Consider equation $(1')$, except we require only that $x_i\geqslant 0$. The number of solutions is given by stars and bars and equals $\binom{s-k-1}{k-1}$. Now, let $A_i$ be the set of solutions to $(1')$ in which $x_i'>n-2$. Then, by inclusion-exclusion:
$$\bigcup_{i=1}^k |A_i| = \sum_{\emptyset \neq J \subset\{1,\dots,k\}} (-1)^{|J|+1}\left|\bigcap_{j\in J}A_j\right|.$$
By symmetry, $\left|\bigcap_{j\in J}A_j\right|$ depends only on $|J|$, and hence we may simplify the calculation above to
$$\bigcup_{i=1}^k |A_i| = \sum_{j=1}^k (-1)^{j+1}\binom kj \alpha_j,$$
where $\alpha_j$ is the size of any intersection $\left|\bigcap_{j\in J}A_j\right|$ with $|J| = j$. In the spirit of the linked answer, we substitute $x_i' \mapsto y_i + n - 1$ for each $i=1,\dots,j$ and consider hence
$$y_1+y_2+\dots+y_j + x_{j+1}'+\dots+x_k' = s - 2k - (n-1)j.$$
By stars and bars, the number of solutions to this is
$$\alpha_j = \binom{s-k-(n-1)j-1}{k-1}.$$
Of course, for many values of $n$ and $j$, this will simply be $0$ as the numerator will be $<k-1$. It follows that
$$\begin{align} C(s) &= \binom{s-k-1}{k-1} - \sum_{j=1}^k (-1)^{j+1}\binom kj \binom{s-k-(n-1)j-1}{k-1} \\&= \sum_{j=0}^k (-1)^{j}\binom kj \binom{s-k-(n-1)j-1}{k-1} \end{align}.$$
The only thing that's left is $C(1)$, but that's the easy part. The total number of dice roll configurations is $n^k$, and and the number of dice roll configurations that have no $1$s is $(n-1)^k$. It follows that
$$C(1) = n^k - {(n-1)}^k$$
Here's some Python code to validate the counts.

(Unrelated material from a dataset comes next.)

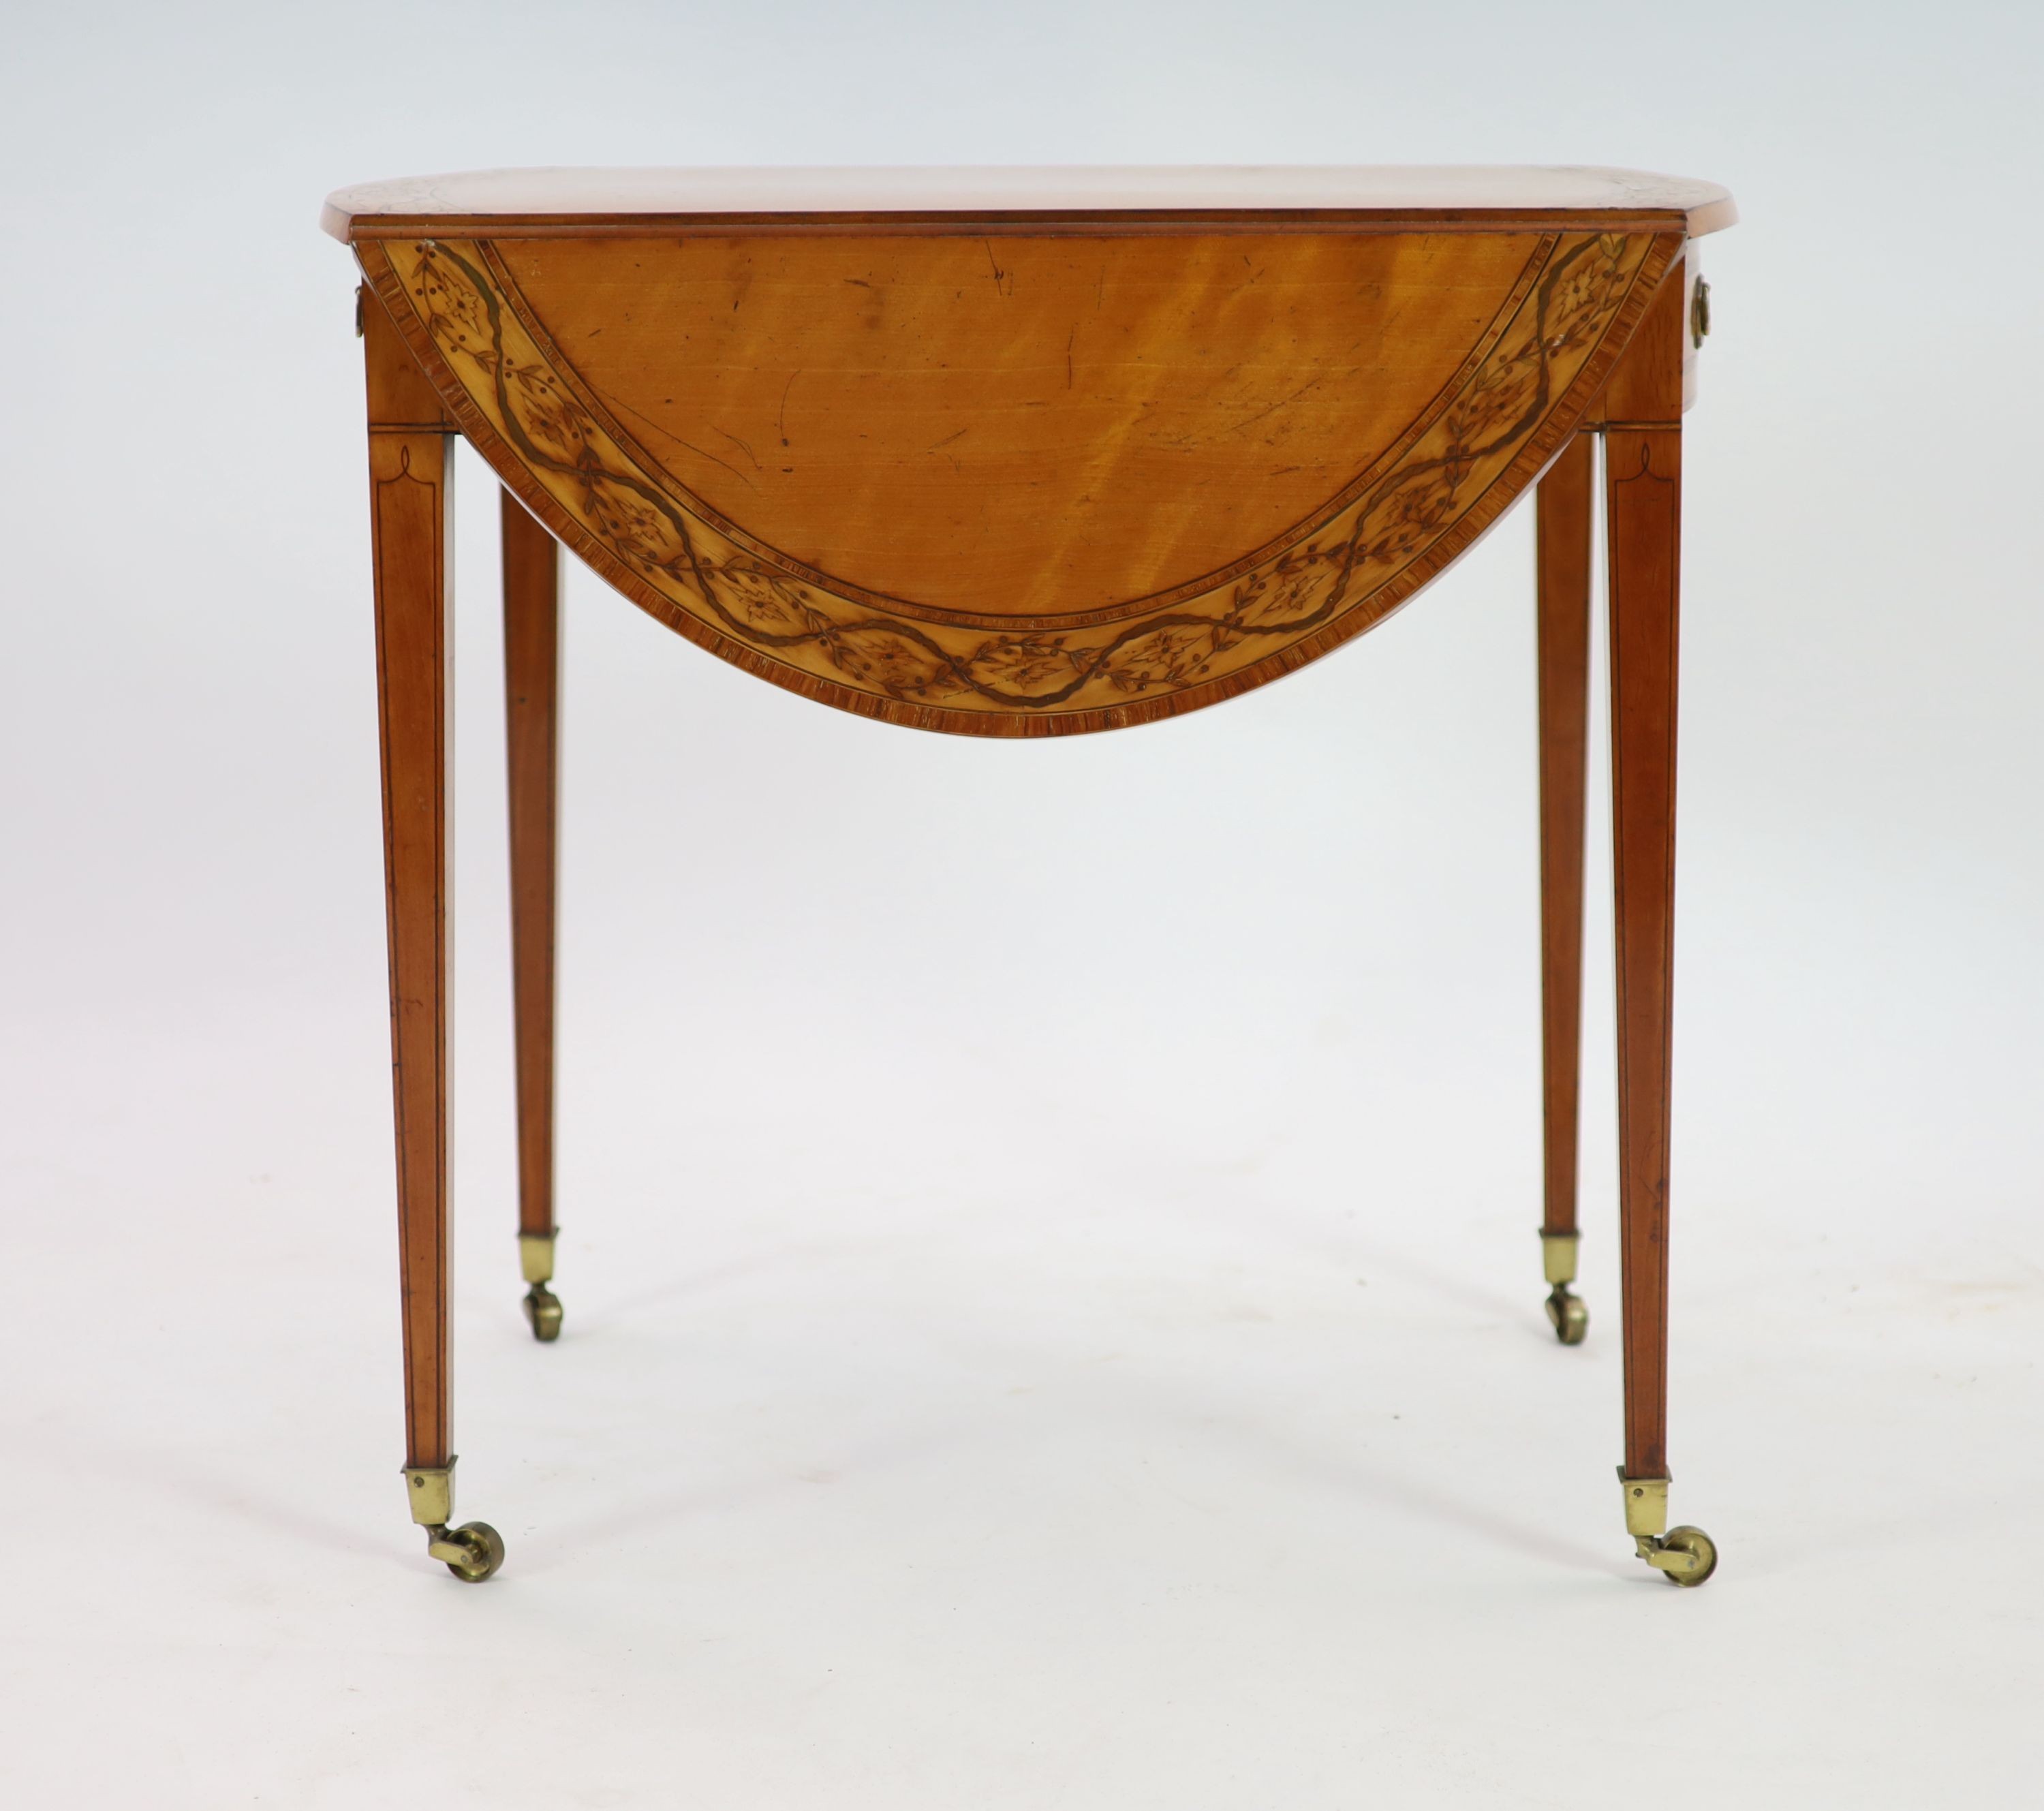 A George III Sheraton style marquetry inlaid satinwood Pembroke table,the oval top with rosewood and - Image 3 of 4

The sanity check against $k=2$ and $n=3$ works out and outputs:
Other tests of mine have always had the counts add up to $n^k$, so I'm fairly confident at this point.

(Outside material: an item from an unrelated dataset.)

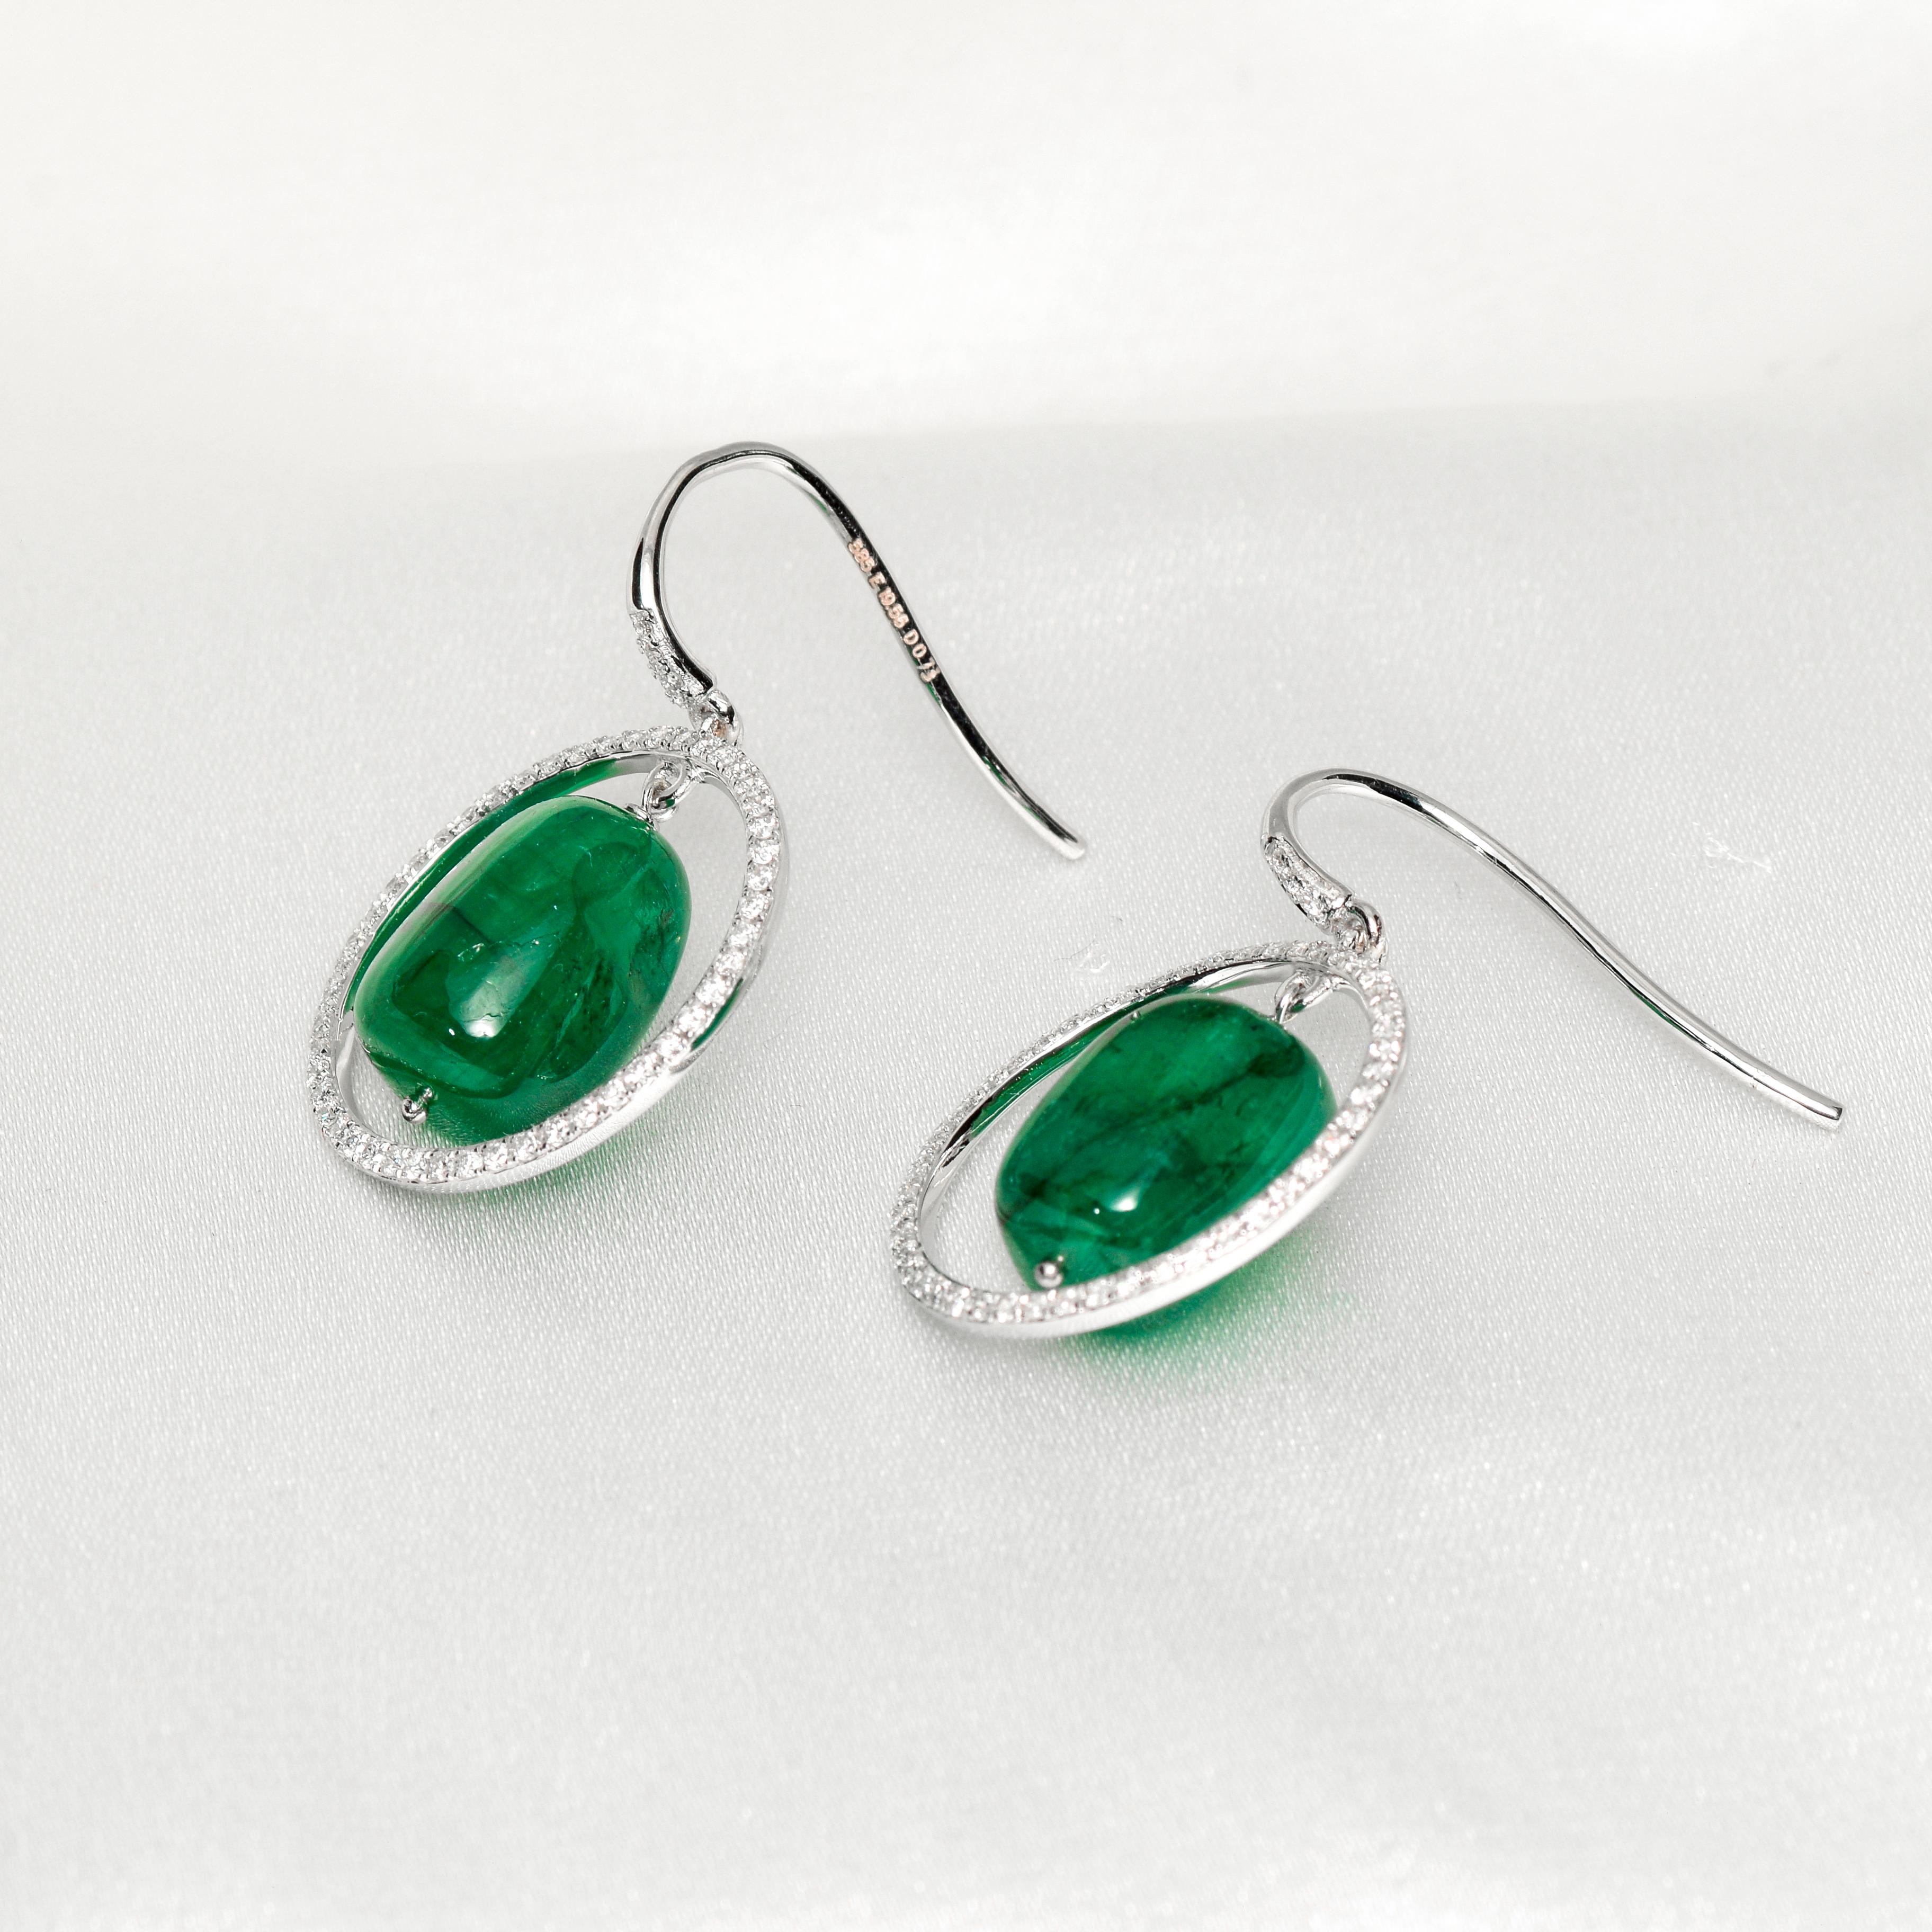 IGI 14k 19.56ct Emerald & Diamonds Antique Art Deco Style Hook Earrings In New Condition For Sale In Kaohsiung City, TW

They also point in the direction that the counts for $s>1$ have an increasing and then decreasing pattern of repetitions (like, say, the binomial coefficients). Indeed, to each solution of $(1)$ we can associate a unique dual solution of
$$X_1 + X_2 +\dots + X_k = (n+2)k - s$$
via the transformation $X_i = (n+2) - x_i$, so the counts must be the same. This means we can restrict the calculations to the range
$$2k \leqslant s \leqslant \left\lfloor\frac{(n+2)k}2\right\rfloor,$$
and counts for higher values of $s$ can be obtained from these via the dual association.